Human Research Protection Program (HRPP)

The HRPP office is organized under ORRS. The HRPP includes the offices of the IRB, IRB Reliance, and Compliance. The HRPP encompasses not only the IRB requirements for the protection of human subjects, but other additional areas of human research regulatory oversight that are broader than the IRB requirements (e.g., U.S. Food and Drug Administration regulations, interactions with Pharmacy, clinical research billing compliance) that provide protections for human subjects. The HRPP staff within the HRPP units meet regularly. The HRPP director, HRPP managers, and IRB chairs meet regularly.

The HRPP office uses an online software system for the submission and review of human research studies. The MSU IRB online system is the Click™ Research Compliance System. Click allows for the submission and review of new studies, modifications, continuing review including renewed approval and closure, and reports of new information. Click also permits the assignment of offices and individuals involved in the protection of human subjects as ancillary reviewers or permits designation of individual(s) to view the study through the guest list. Such access allows the individual(s) to view the study submission, clarifications, and comments viewable by the principal investigator associated with the study. Click includes system generated notifications (e.g., continuing review reminders, notification of approvals, clarifications requested, reviewer assignments). Access to Click requires multi-factor authentication through the university’s log in system.

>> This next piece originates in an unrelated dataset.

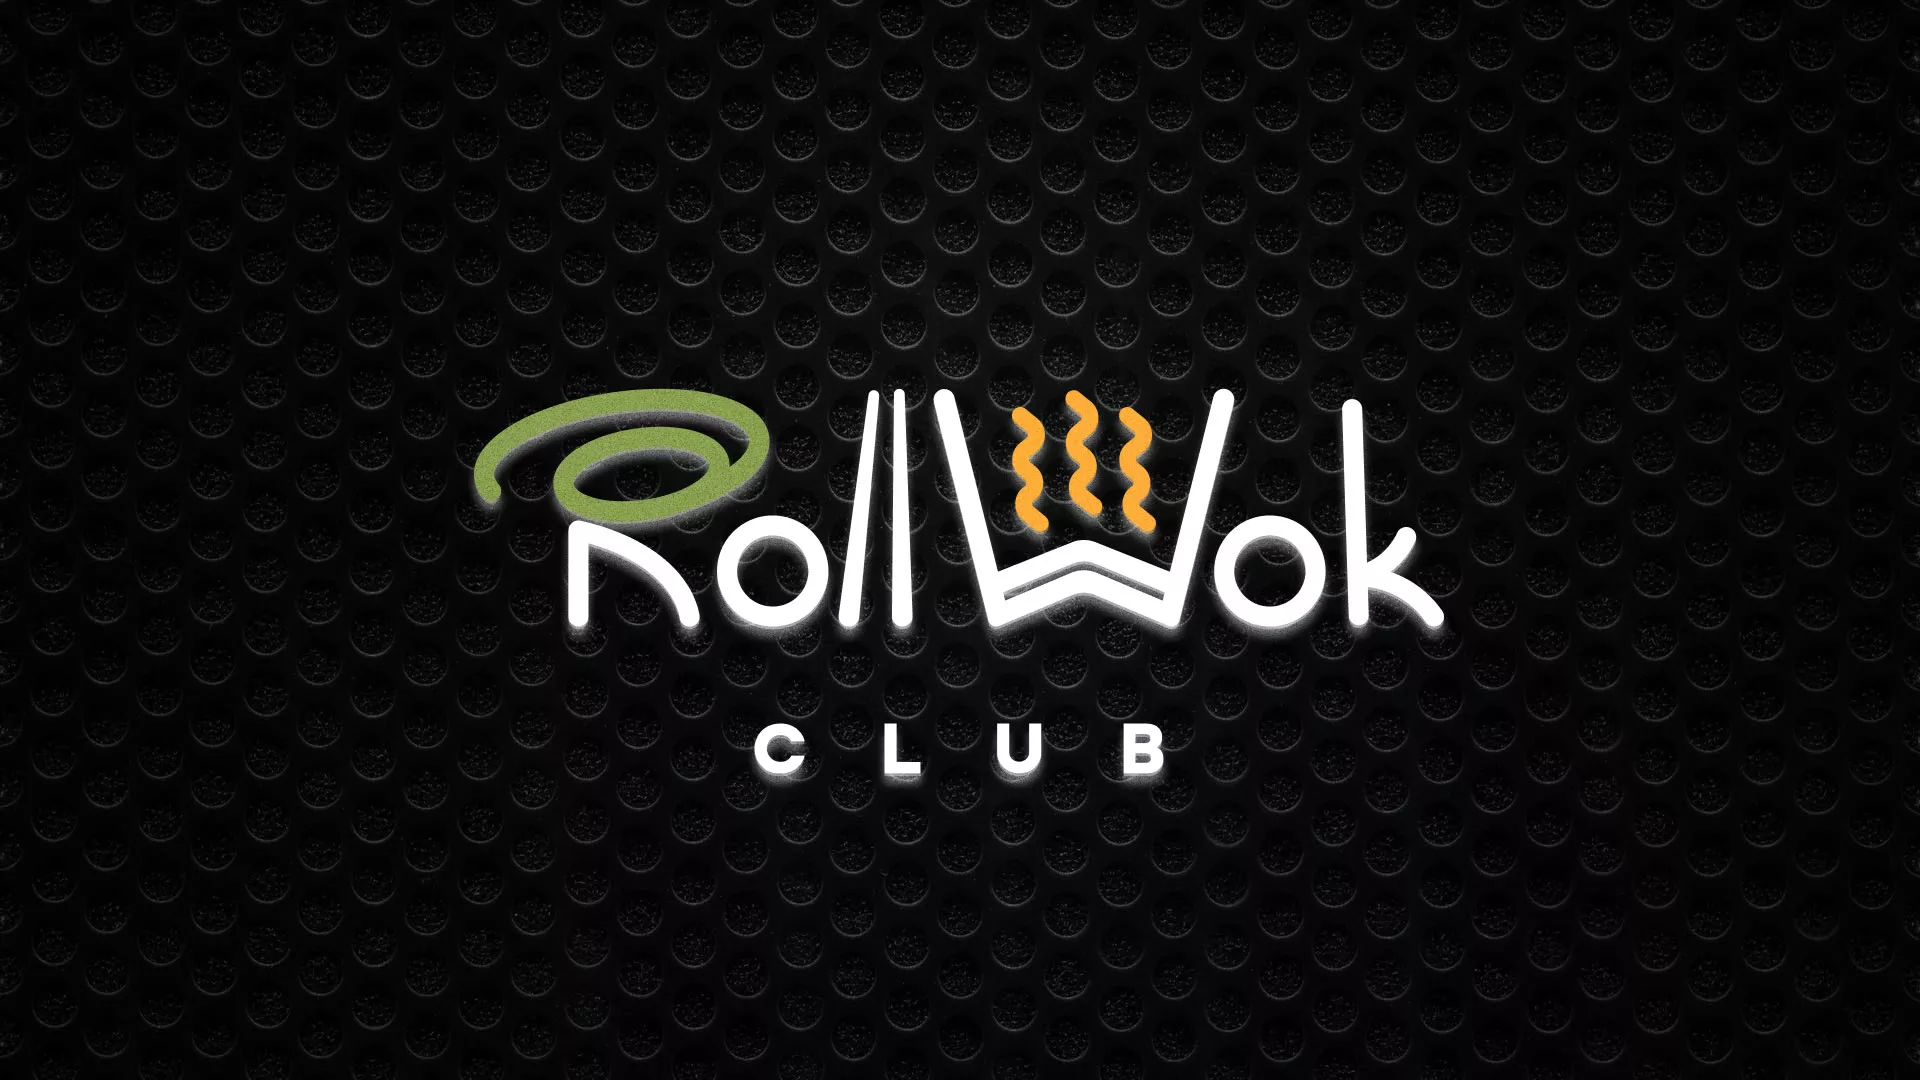 Брендирование торговых точек суши-бара «Roll Wok Club» в Богородске
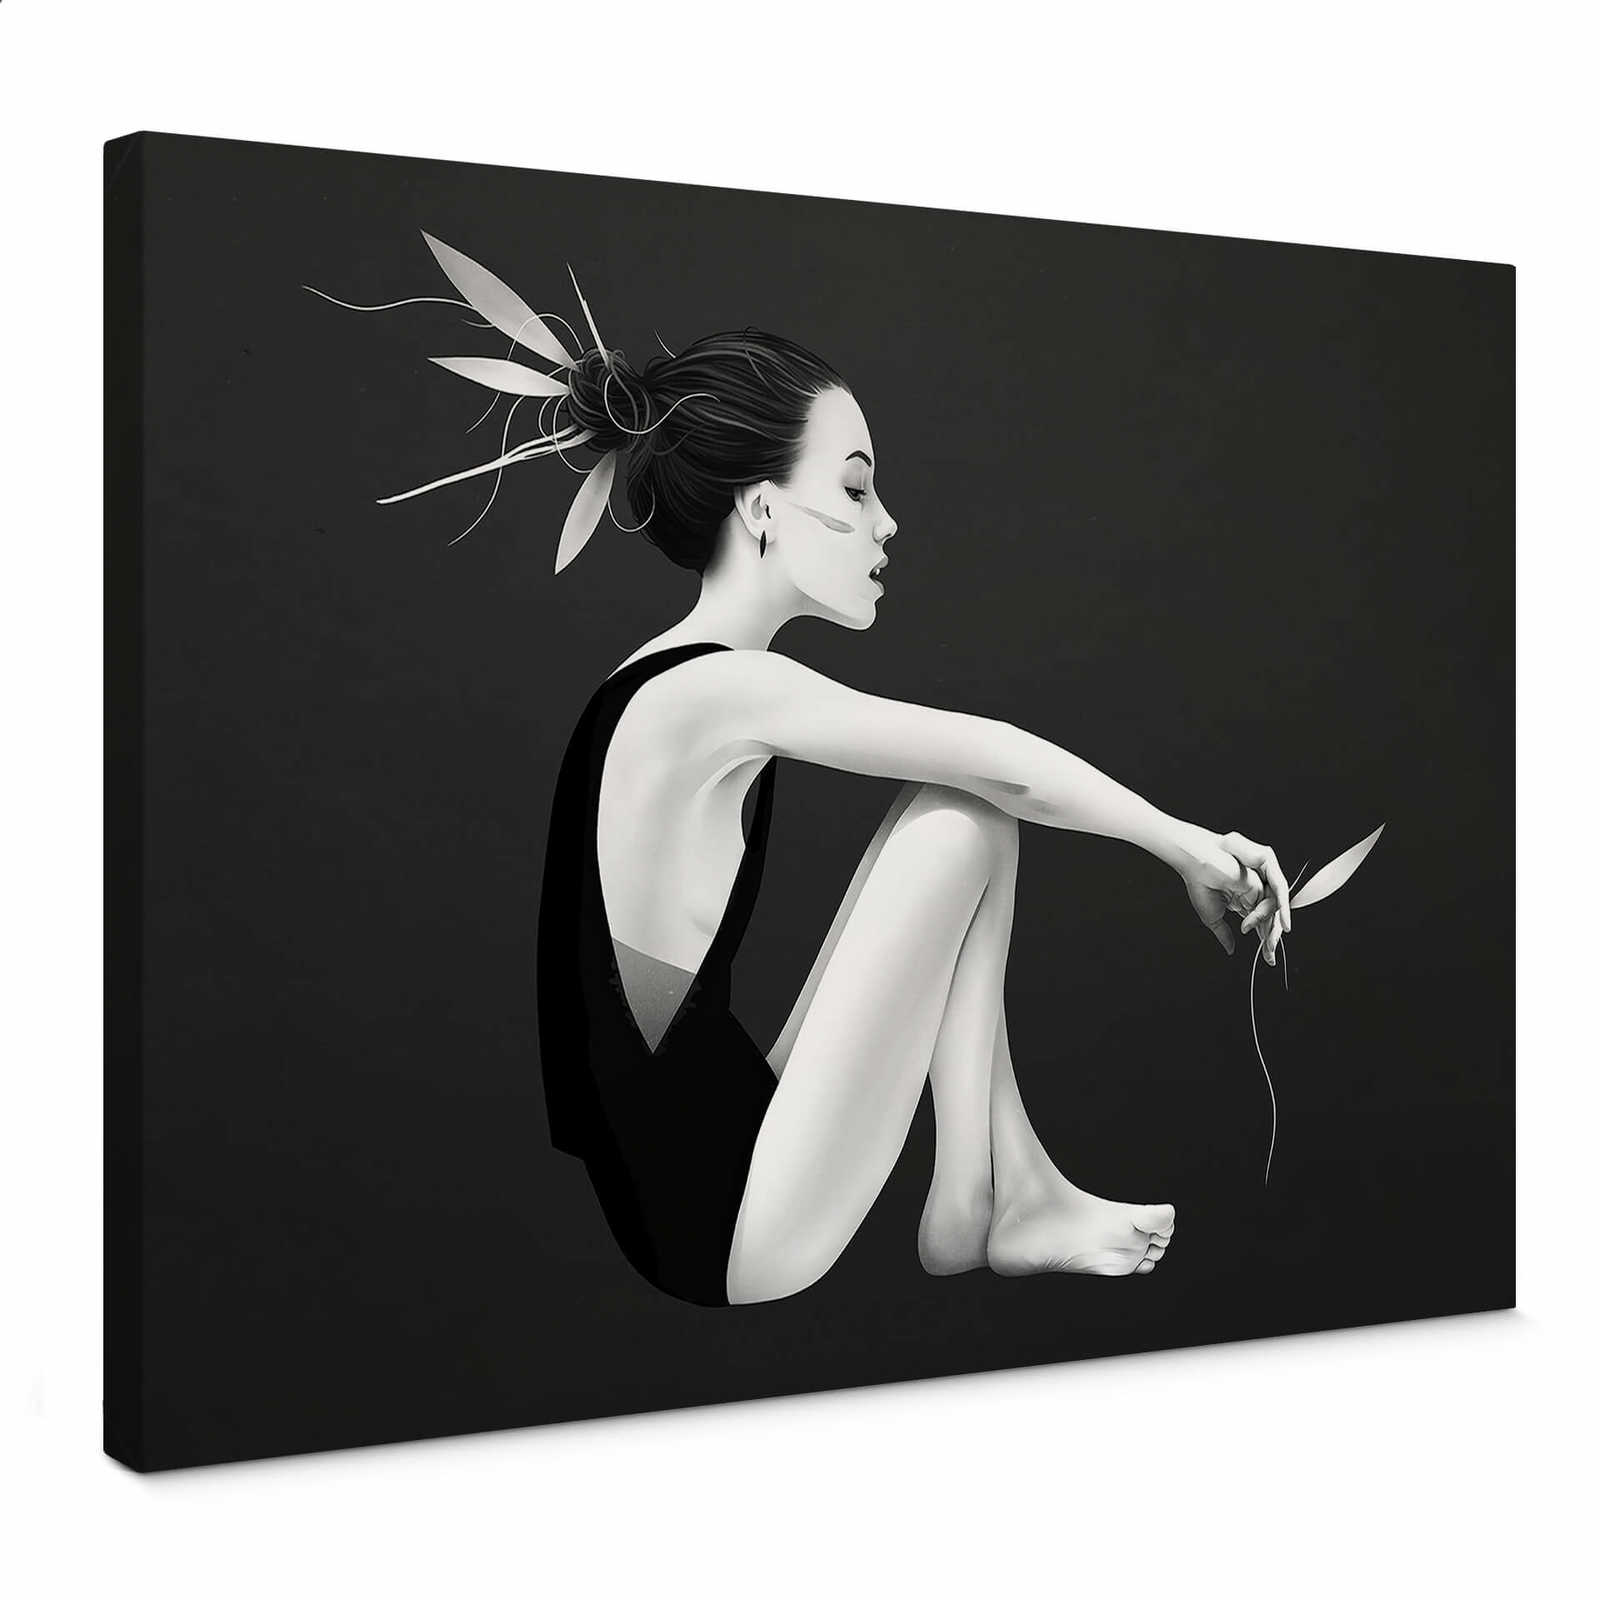             Schwarz-Weiß Leinwandbild "Skyling" mit Frauenfigur – 0,70 m x 0,50 m

HRPP staff notifies other offices and individuals involved in the protection of human subjects when research studies require input from various offices. Notifications are typically provided through assignment as an ancillary reviewer in the MSU IRB online system. Some notifications are sent manually. For example, the Compliance office coordinates and works with other units (e.g., MSU Health Care, Inc.) to accomplish its role in post approval monitoring and non-IRB regulatory oversight (e.g., Compliance office will provide coordination when an IRB submission involves protected health information). The HRPP director may also be notified through ancillary review assignment when an IRB submission involves additional requirements such as use of external (non-MSU) IRBs, university reporting protocols, and may be notified for study specific questions.

IRB Office

The IRB office facilitates the IRB review processes in accordance with federal, state, and local regulations, university policies, and ethical standards related to human research protection. Designated IRB staff may be notified through ancillary review assignment when an IRB submission involves additional requirements such as federal agency specific requirements, genomic data sharing, raffle, waived PI requests, or Association for the Accreditation of Human Research Protection Programs (AAHRPP) review. For more information about the IRB staff structure and function, see the MSU HRPP Manual section including but not limited to 5-2-C “HRPP Staff: IRB Office.”

IRB Reliance Office

The IRB Reliance office facilitates the IRB reliance process in accordance with federal, state, and local regulations, university policies, and ethical standards related to human research protection. The IRB Reliance office manages the processing of IRB submissions that involve IRB reliance, individual investigator agreements, and engagement. The IRB Reliance office leads communications with MSU researchers, MSU units, Henry Ford Health, IRBs at other academic institutions, hospitals, clinics, and others to facilitate IRB reliance and collaborative research studies. IRB Reliance office staff may be notified through ancillary review assignment when an IRB submission involves additional requirements such as a certificate of confidentiality, data management and sharing requirements, Single IRB, engagement, reliance, and individual investigator agreements.

Compliance Office

The Compliance office encompasses post approval monitoring activities, education, and non-IRB regulatory oversight (e.g., FDA requirements, protected health information, clinical research billing compliance, clinicaltrials.gov, Common Rule clinical trials, International Conference on Harmonisation Good Clinical Practice (ICH GCP), student educational records, research conducted in elementary and/or secondary public schools, data protection regulations). The Compliance office provides resources to the research community and others involved in patient care activities during research studies to ensure proper billing of health care services and items according to federal, state, and local regulations. Post approval monitoring conducted by the Compliance office serves to educate researchers and to assure that the research study is being conducted in accordance with federal, state, and local regulations, university policies, and ethical standards related to human research protection.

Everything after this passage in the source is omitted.